In SE-0167 we find this statement about NSKeyedArchiver
and NSKeyedUnarchiver
:
Although our primary objectives for this new API revolve around Swift, we would like to make it easy for current consumers to make the transition to Codable where appropriate. As part of this, we would like to bridge compatibility between new Codable types (or newly-Codable-adopting types) and existing NSCoding types.
To do this, we want to introduce changes to NSKeyedArchiver and NSKeyedUnarchiver in Swift that allow archival of Codable types intermixed with NSCoding types
(Yes, I’m squarely in Cocoa-land, because that’s one prominent scenario where the problem shows up. However, this is a definitely a Swift issue, not Cocoa.)
The problem is that this stated goal isn’t achievable by encodeEncodable
and decodeDecodable
as currently implemented. As a practical exercise, I took a very ordinary, simple data model that was previously being archived for NSDocument
, and changed all the NSCoding
conformances to Codable
. When I tried to save the document, my app crashed — crashed big, with infinite recursion leading to a stack overflow.
It turns out that archiving/unarching via Codable
through keyed archivers/unarchivers doesn’t respect the normal archiver convention of object reference identity. That is, reference type instances in NSCoding
are unique within the archive as a whole. Codable
, on the other hand, archives or unarchives a new instance at every reference encountered in the object graph. It crashes because typical data models in Cocoa apps have circular chains of references. (For example, there is a circular chain between a parent object with an owning reference to a child object that has a [weak] back reference to the parent.) These are unproblematic in NSCoding
, but fatal in Codable
.
This particular crash isn’t very difficult to solve, at least in principle. It’s possible to write archive encoders and decoders that check for reference types, and maintain reference identity in the archive.
Unfortunately, there is a second problem that’s not so easy to deal with. Reference identity is fine for encoding/archiving, but it isn't sufficient for decoding/unarchiving, because of Swift’s initializer rules. An object being decoded, A, might need to store a reference to another object, B, but, if there is a chain of references from B back to A, B cannot be initialized because references to A are not available until A returns from its initializer — which it can’t generally do without the reference to B.
(Obj-C doesn’t have this problem, because it happily passes around references to partially constructed instances.)
I thought at first this was insoluble, but I realized that the only way for a circular chain of references to exist is if one of them (at least) is an optional type. AFAICT, a circular chain of non-optional references cannot be created in Swift at all. Necessarily, one of them must be of optional type.
That opens up the possibility for a two-pass unarchiving process. In the first pass, objects would be allowed only to set stored properties (typically, non-optional references, along with non-optional value types that contain non-optional references), but not to use any stored properties (since they're not fully initialized yet).

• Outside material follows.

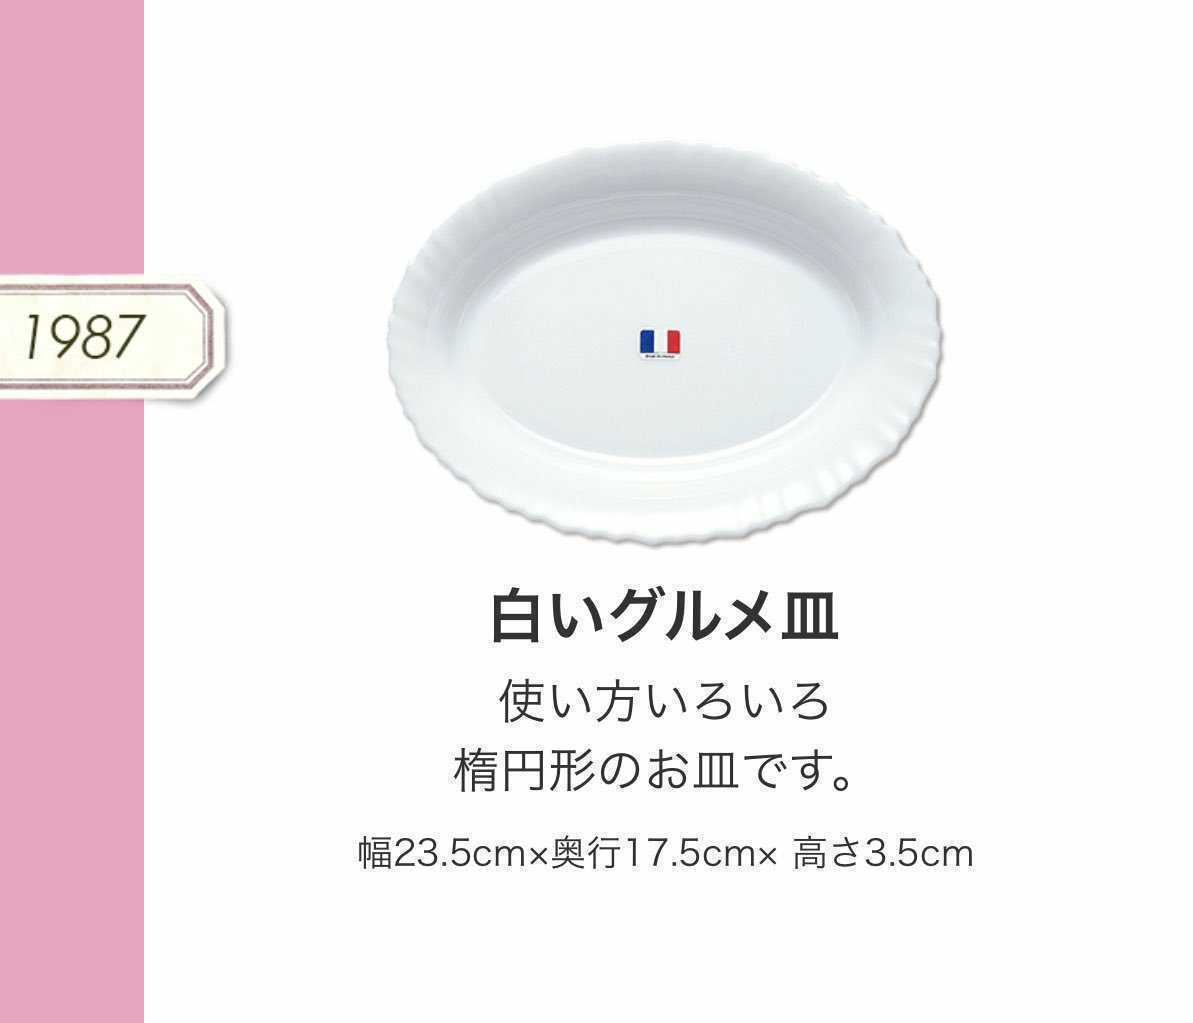 【送料無料】ヤマザキ春のパン祭り山崎春のパンまつり1987年白いグルメ皿2枚セット グラタン皿 カレー皿 パスタ皿 アルコパルの画像2

In the second pass, objects would set the rest of the stored properties (including optional references), and finish any other calculations and setup normally done in an initializer.
Clearly, this would require compiler support, but before venturing into that territory I’d like to ask if anyone has looked into this problem before, and whether there are any easier solutions. I’ve tried searching the forum for existing threads on the subject, but haven’t found any.
I’ve also spent some time on an experimental implementation of two-pass decoding (using init
to simulate the first pass, and a decode(from:)
method for the second pass), but I got stuck at the point where I found I couldn't retroactively impose two-pass decoding on types that currently conform to Decodable
.
So, anyone got any thoughts on this matter?